Now wait a dang minute, responds Rebecca Priano of Post Falls to that Huckleberries item (Oct. 29, 2023) that Patricia Harden was the first KCSO female deputy to be sworn in. Rebecca says she was sworn in months earlier, in June 1983, as a full-time marine deputy.
“They had to connect the women’s bathroom in the marine building just for me,” Rebecca said.
The other marine deputies were tough on her for a few weeks. But they eased up when Rebecca proved she had the grit and knowledge to do the job: “They saw I wasn’t afraid of hard work or dirty jokes.”
Her gender was handy, Rebecca said, during bar sting operations because she could follow under-aged female drinkers as they retreated into restrooms.
After the summer 1983 stint with Sheriff Merf Stalder’s office, Rebecca returned to her first love: teaching. She taught in Seattle and, for the last 18 years of her career, in Post Falls (Ponderosa and Post Falls Middle School). She retired in spring 2019.
• Poet’s Corner: This month turkeys/are selected:/some get stuffed and/some elected— The Bard of Sherman Avenue (“November Ritual”).
• Old Warrior: Gordon Needham was on a train returning to the trenches of France on Nov. 11, 1918, when World War I ended. At the 1988 Veterans Day ceremony here, Gordon, then 90, recalled the shouts of joy when the slaughter stopped. In 1986, he received a Purple Heart, 70 years belatedly, for battle wounds. Sometimes, he would chuckle, “Uncle Sam moves slowly.”
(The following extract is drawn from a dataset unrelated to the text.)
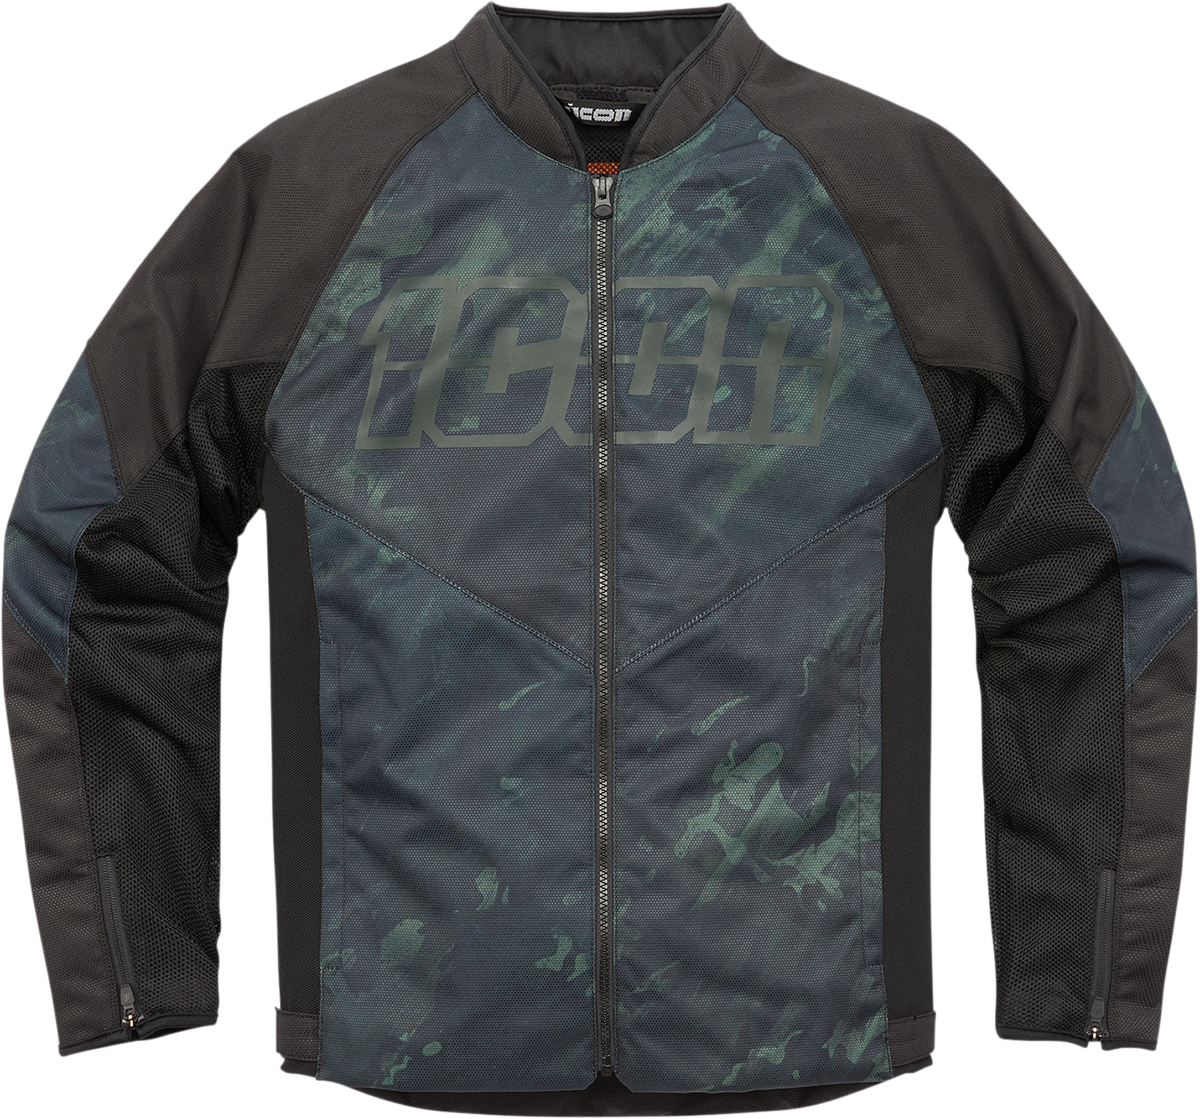 ICON Hooligan Demo™ Jacket - Black - Large 2820-5548

• Star Attraction: Eddie Myers, 86, was surprised when he became the star of the Corliss steam engine dedication at the Museum of North Idaho on Nov. 5, 1988. For more than 30 years, he tended the engine that ran Potlatch’s old Rutledge mill. He was 17 when he started working at the mill in 1919 and 62 when he retired in 1964. The 75-ton steam engine will stay put along Northwest Boulevard when MONI moves to new quarters at the base of Tubbs Hill.
• Let It Snow: In November 1973, the city supported snow sledding among the kids by barricading nine or 10 hilly streets in town, most of them 24/7. Parks & Rec director Red Halpern explained that Coeur d'Alene wanted to confine young sledders to certain areas. And would erect blockades when the snow was suitable. Conditions were superb 50 years ago when heavy snow supplied 9 inches of sledding surface.
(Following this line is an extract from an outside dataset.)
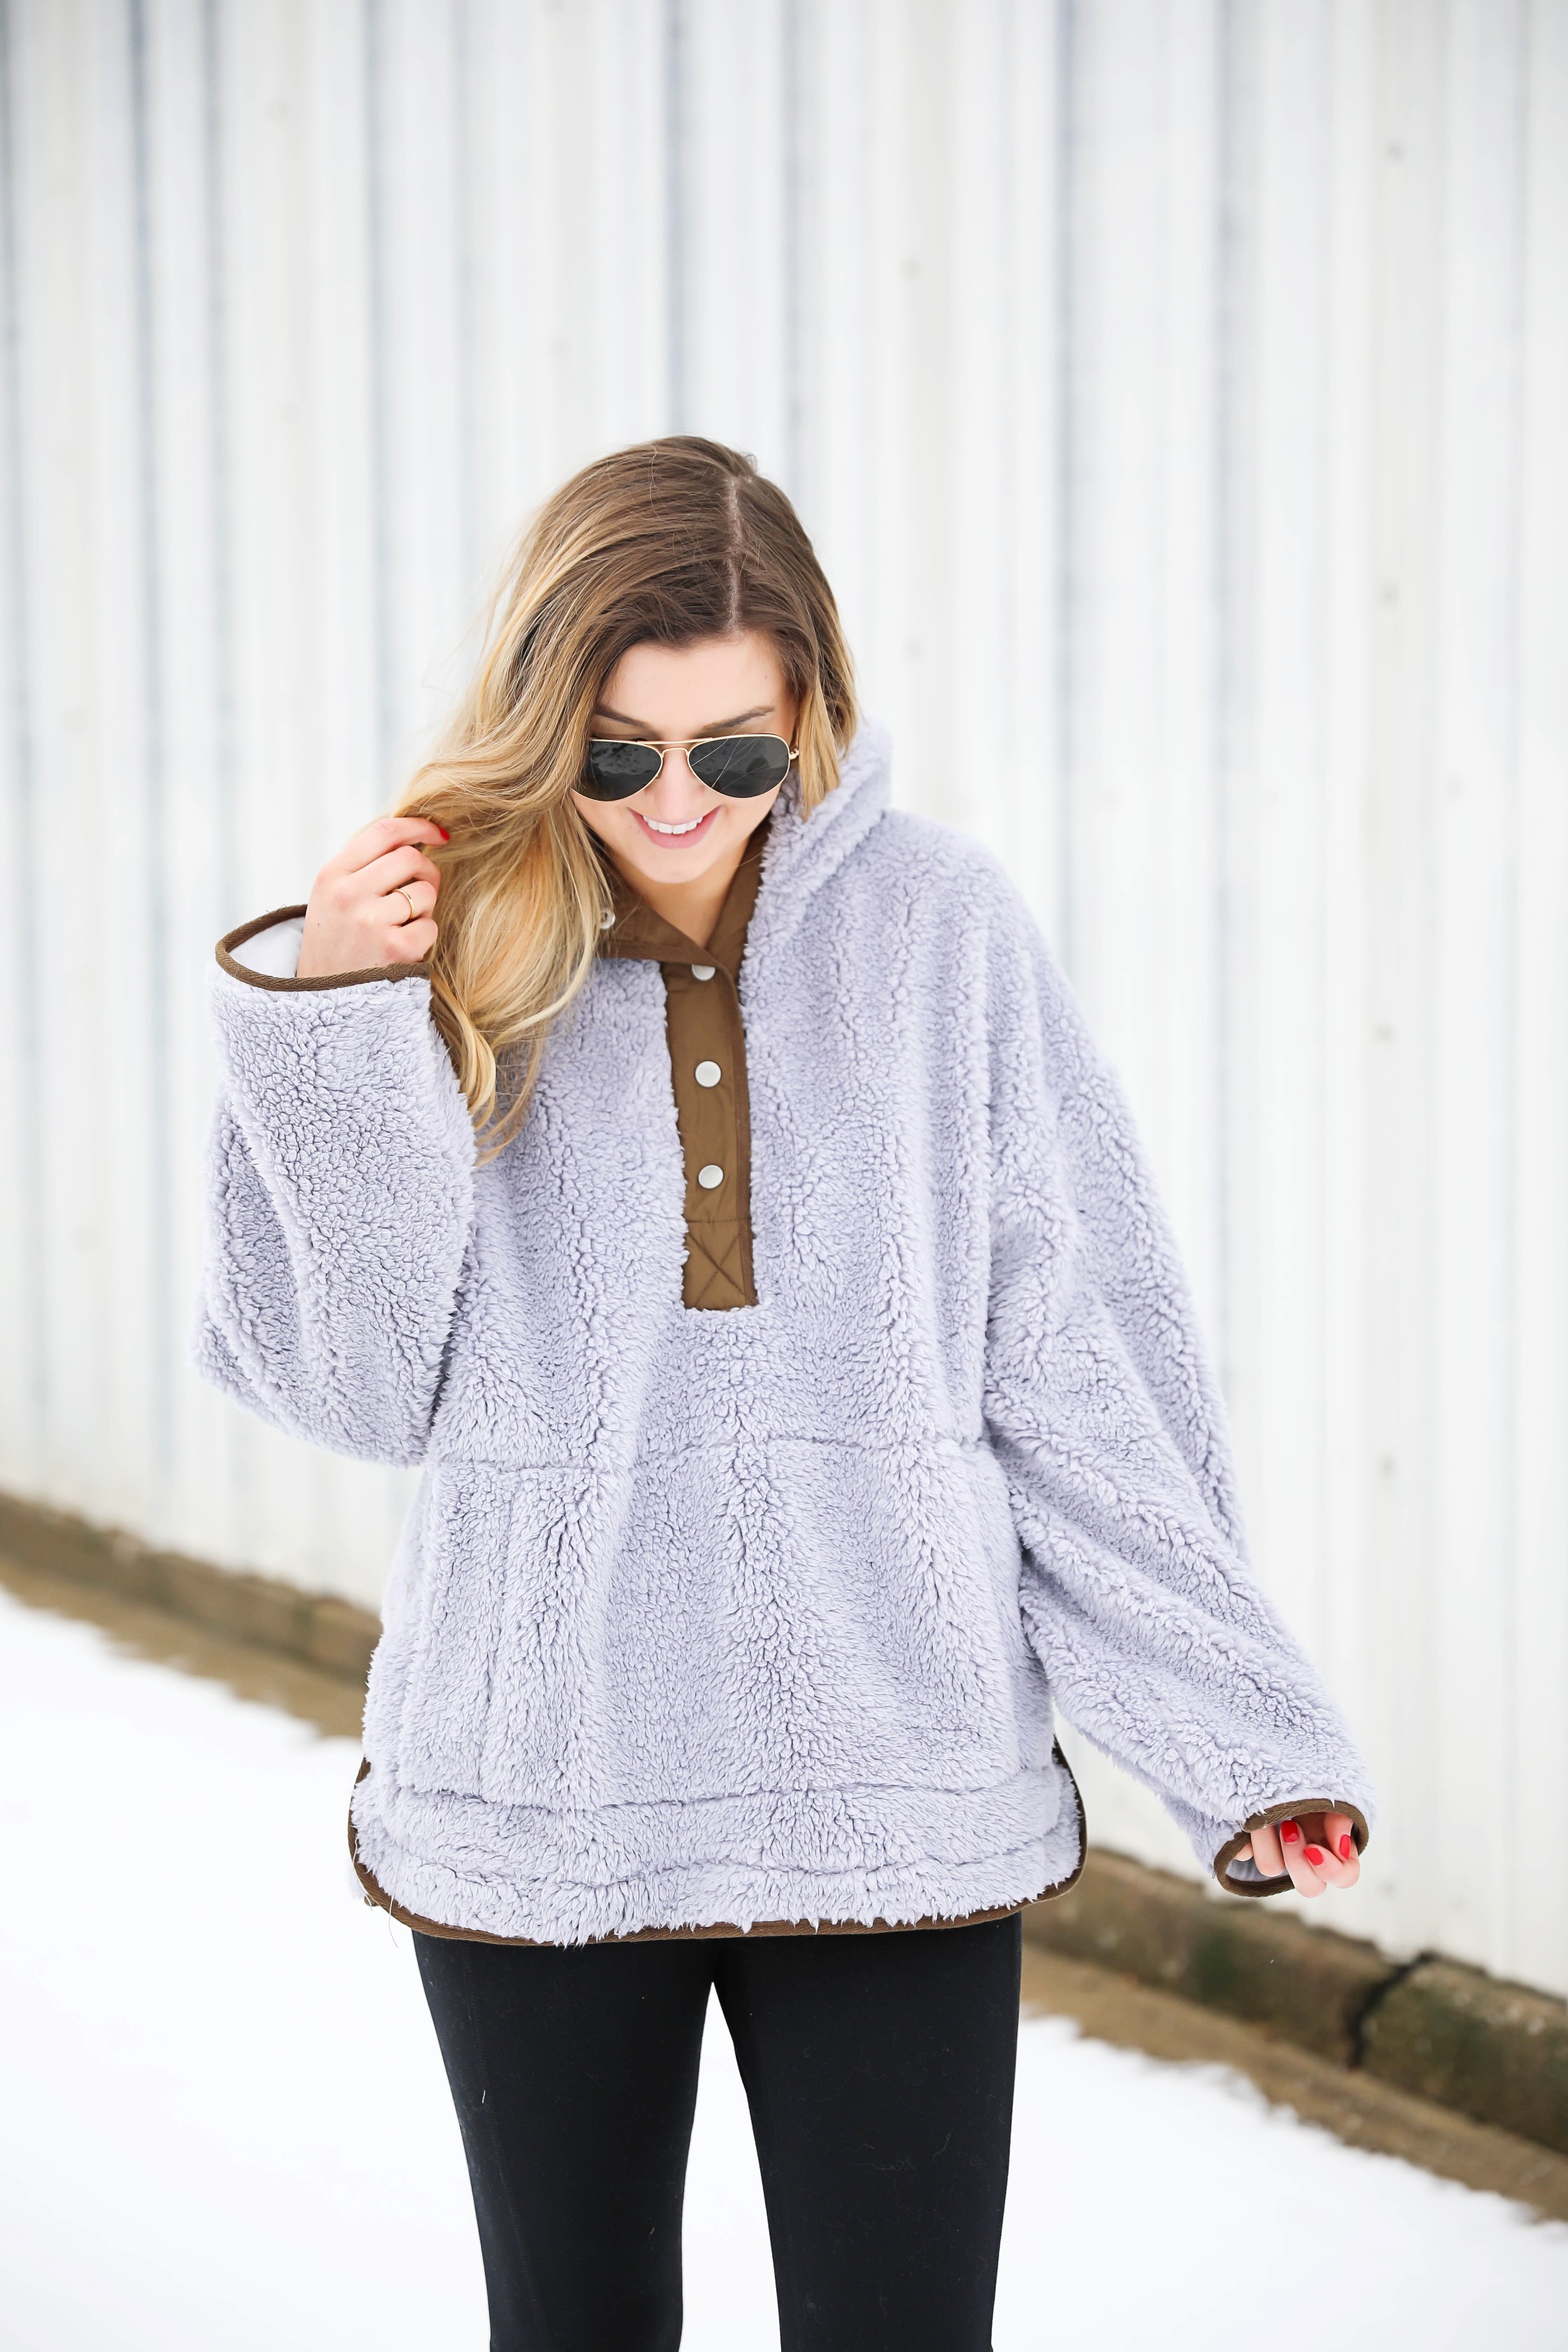 Cozy Sweatshirts are a Necessity | OOTD + Roundup of Sweatshirts You ...

• It’s A Sweep: On Nov. 6, 1973, Ron Edinger led a Community Action Committee ticket sweep of Coeur d’Alene city seats, handily winning the mayor’s race. In a re-election bid four years later, Ron was beaten by Councilman Don Johnston. In 1979, Ron was elected to the council again and never lost another city race before retiring in 2019. He loved and served his city well.
Late actress Patty Duke became a beloved part of Coeur d’Alene after she and husband Mike Pearce moved here from Los Angeles in 1990. She performed on area stages. Rubbed elbows with locals. And launched a short-lived TV series, using as a prop the historic Methodist Church, Seventh & Wallace. In an interview in November 1993, she explained why she did so much TV work. At the time, the former Academy Award winner counted 45 TV movies and miniseries on her resume. “It does kinda give me a kick,” she said. “It’s also been good for raising a family and keeping a couple of roofs over our heads.” If she’d held out for only theatrical roles, she added. “I’d be on the street selling apples.” Practical, talented, smart, lovely, Patty Duke dealt with Hollywood on her own terms. And embraced life in her adopted town.